My friend and I were talking on the phone and I couldn't help but complain about how hard it is to completely trust God in situations like yesterday where yet another shooting happened. Or, for example, as the future gets closer and closer, trusting in Him becomes more difficult. My friend just laughed and said, "....well that's faith" and I couldn't help but smile because my friend is right. Even though I don't know why all of the things in the world happen the way they do or what God's plan is for my future, I have faith in a God who is all-knowing, all powerful, and most of all knows what He is doing. And for that, I am so thankful.
I mean, who am I to try and fully comprehend what God is doing, yet alone tell Him how to do His job?
They say that your 20's are your "selfish years" and that you should work really hard so you can reap your benefits when you're older. The first time I heard that statement, I wasn't bothered by it, but now that I'm 21 and a senior in college, I can finally understand why people say it.

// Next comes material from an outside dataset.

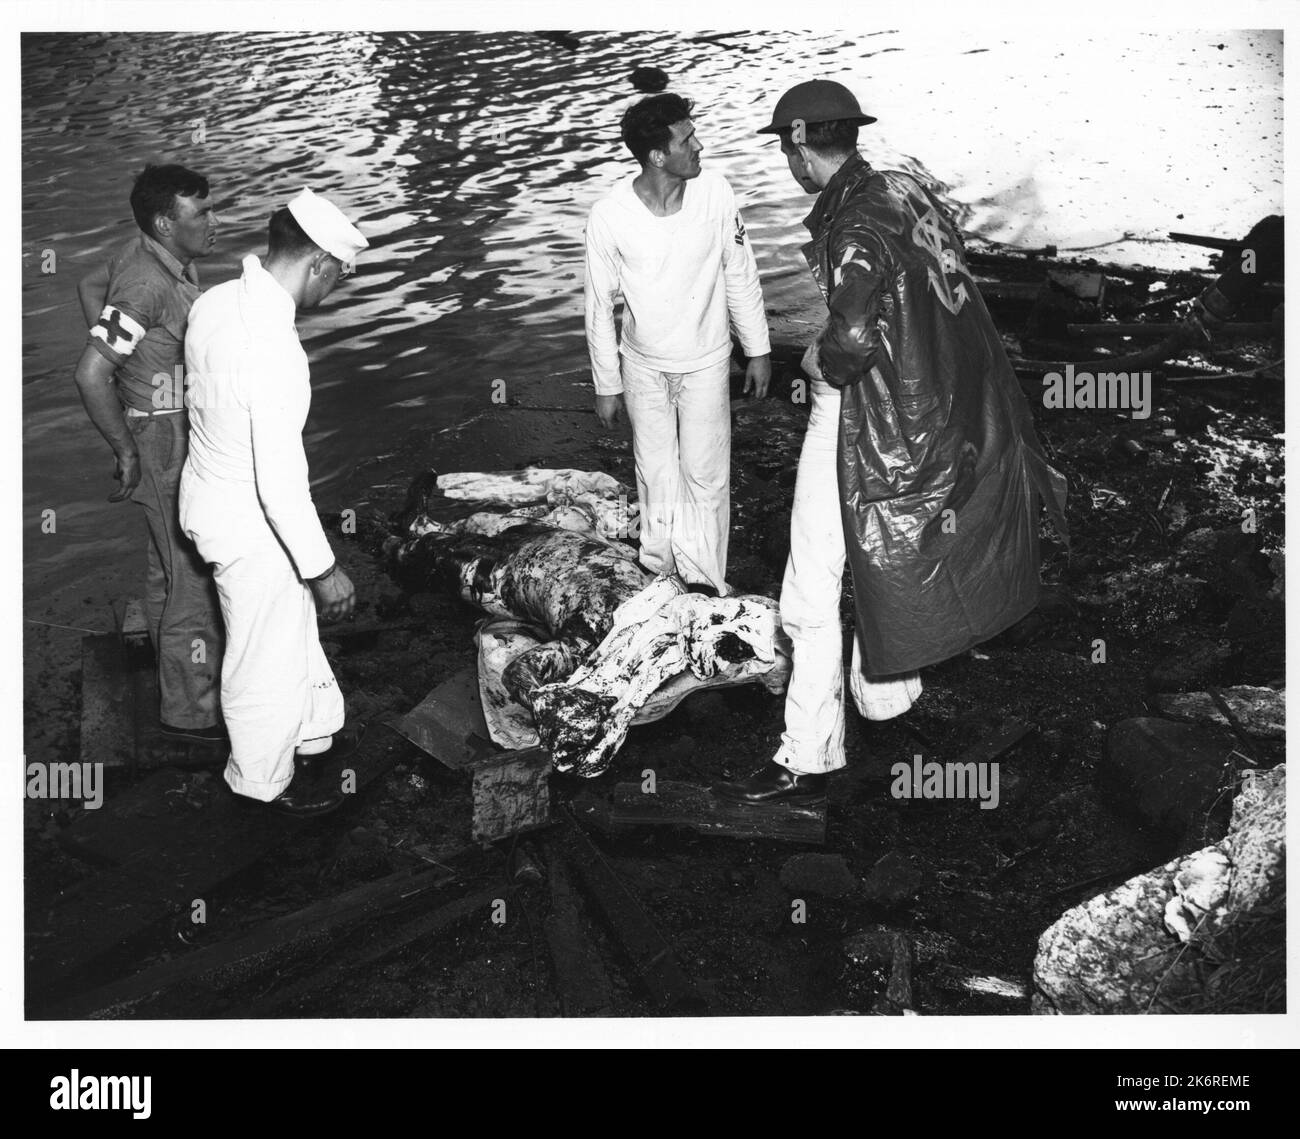 Fotografia dei resti frantumati di un pilota giapponese il cui aereo è stato abbattuto durante l'attacco di Pearl Harbor USS Arizona (BB39) che bruciò dopo l'attacco giapponese a Pearl Harbor, dicembre 7 1941. Foto Stock

I'm a senior in college now and I feel like time is moving even faster than it has the past three years. Although I can relate and want to work hard for not only myself but also for my family during my 20's, I don't want to be someone who live such a selfish life. I don't want to always put my needs above everything else. I don't want to be so self-absorbed with everything going on in my life that I forget to help or love those around me.
Don't get me wrong, I've had that mentality of "I'm gonna do me and put MY needs above everyone else's". It was fine for a while, but then it didn't satisfy me anymore. There is a difference between self-care and knowing when to say no, so I'm not saying that you shouldn't say no once in a while, but It's just so easy to get caught up in yourself in today's society. Especially in college, I feel like I've encountered so many people that are only looking out for themselves and it's hard not to get caught up in that mentality. I mean we're all selfish in a way because we're only human, but I can't help but think about how Jesus did it. He ultimately sacrificed His life for us AND He lived such a selfless life that was so full of love. He served those around Him, not only those who loved Him but also those who hated Him. I was reminded of this verse in Philippians 2:4 that says:
"Let each of you look not only to his own interests, but also to the interests of others." Like most of the verses I've read, it's easier said than done.
Reading that made me feel good, but do I even really practice it?
It's so hard considering that we're all so busy all the time. The free time that I do have, I just want to be by myself or relax and enjoy it alone, not go out of my way to help someone. I also want to be able to be selfless and give to people without waiting for something back. There are times when I'm like "Okay I did this for you and I was there for you what are you going to do for me?" Obviously I don't say that to anyone's face, but it's something that I have thought about before.
Then I realize.. what if Jesus was like that? "Hey Nicole, I gave my life for you...so what do you have to give me in return?" I would literally have nothing to offer back. There are plenty of times where I just run to Jesus about my problems without even thanking Him. I will never be able to give back everything that He has given and done for me, yet He chooses to love me regardless. So why should I expect something back from others? I want to be on that level of selflessness and loving others that I can happily choose to serve them with a happy heart.
I want my last year here at UT to not be a year of selfishness and "doing me", but I want to be selfless. I want to give back to my community, to my friends, to those around me and especially to my family who sacrificed so much so I can be here. Yes I want to be a doctor so I can give back in that way, but I might as well start with what I have now and with those surrounding me.